LSCs are present at low levels in BM, being found in only 0.1%, approximately. This makes their identification and even their differentiation difficult since, despite the mutations, they are cells that still have many similarities with HSCs (20). Although the common characteristics, LSCs are heterogeneous cells and have different phenotypic characteristics, genetic mutations, and metabolic alterations. This whole set of alterations enables the cell to initiate the process of carcinogenesis, in addition to conferring drug resistance and inducing relapses (36, 37, 40).
During tumor progression, cancer cells continuously acquire genetic changes, and the fittest, most proliferative cells are selected for giving rise to distinct tumor subclones, which is known as clonal hematopoiesis (CH) (41–44). The clonal hematopoiesis of indeterminate potential (CHIP) refers to the presence of at least one driver mutation in hematopoietic cells of peripheral blood, without hematological malignancy. It is associated with increased risk of cancers, particularly in myeloid neoplasms, and chronic inflammatory diseases. The phenomenon of CHIP becomes very common in the population of people aged ≥80 years. That is explained by the accumulation of somatic mutations in HSCs, which occurs in an age-dependent manner (45, 46).

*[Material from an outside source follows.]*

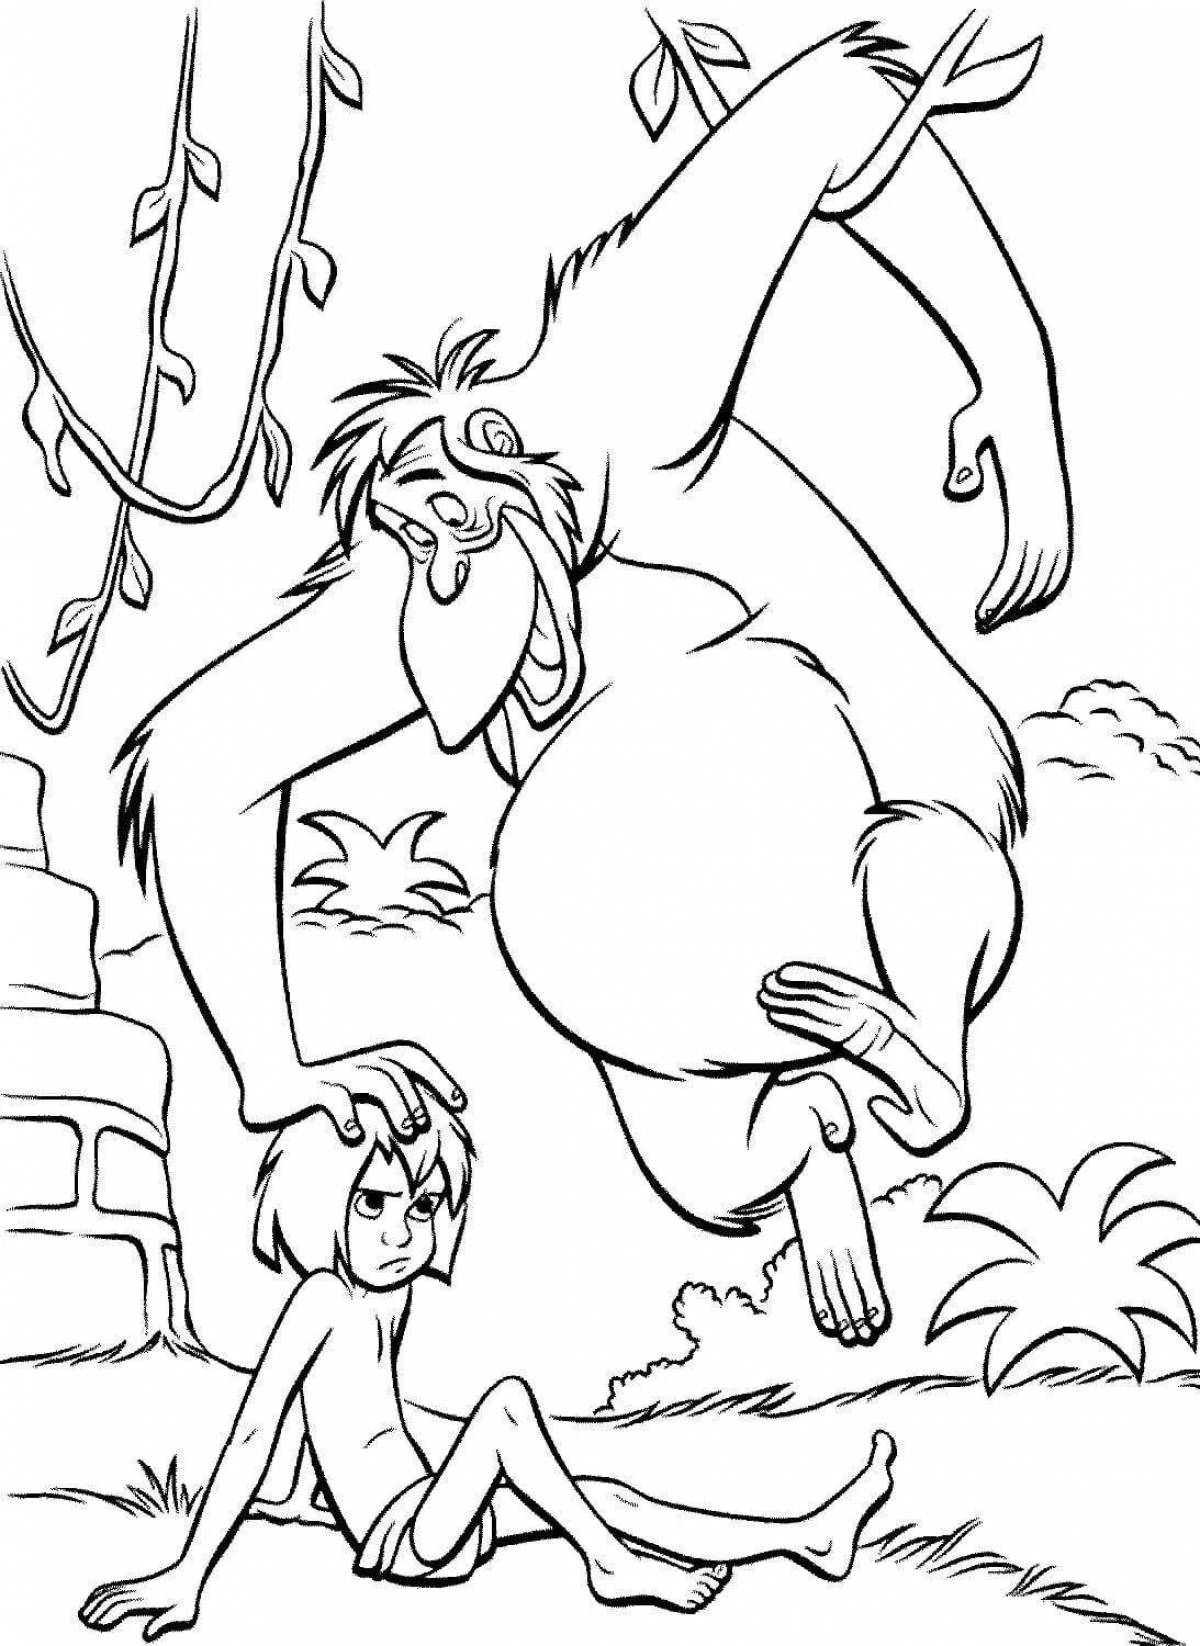 Coloring page playful mowgli

Clones evolve through the interaction of selectively advantageous ‘driver’ lesions, selectively neutral ‘passenger’ lesions and deleterious lesions. Driver lesions or mutations are the mutations that increase fitness and confer a clonal growth advantage. The neutral mutations, also known as passenger mutations, are accumulated in these cells but do not confer any fitness advantage. Neutral evolution of these passenger mutations can also shape clonal evolution, notably by a phenomenon called genetic drift, in which the allele frequencies of a mutation change over time. In addition, when both driver and passenger mutations occur in the same cell, the passenger mutations increase their allele frequency with the driver mutations, which is a phenomenon called hitchhiking that also participate in clonal evolution (47, 48).
The recognition of the important role of clonal hematopoiesis and clonal evolution in tumor initiation, disease progression and relapse have profound implications for the diagnosis and treatment of these malignancies. Additionally, the advent of new technologies may facilitate the definition of the molecular determinants and underlying mechanisms of clonal evolution in leukemia, which could provide targeted, individualized therapies for leukemia patients (49, 50).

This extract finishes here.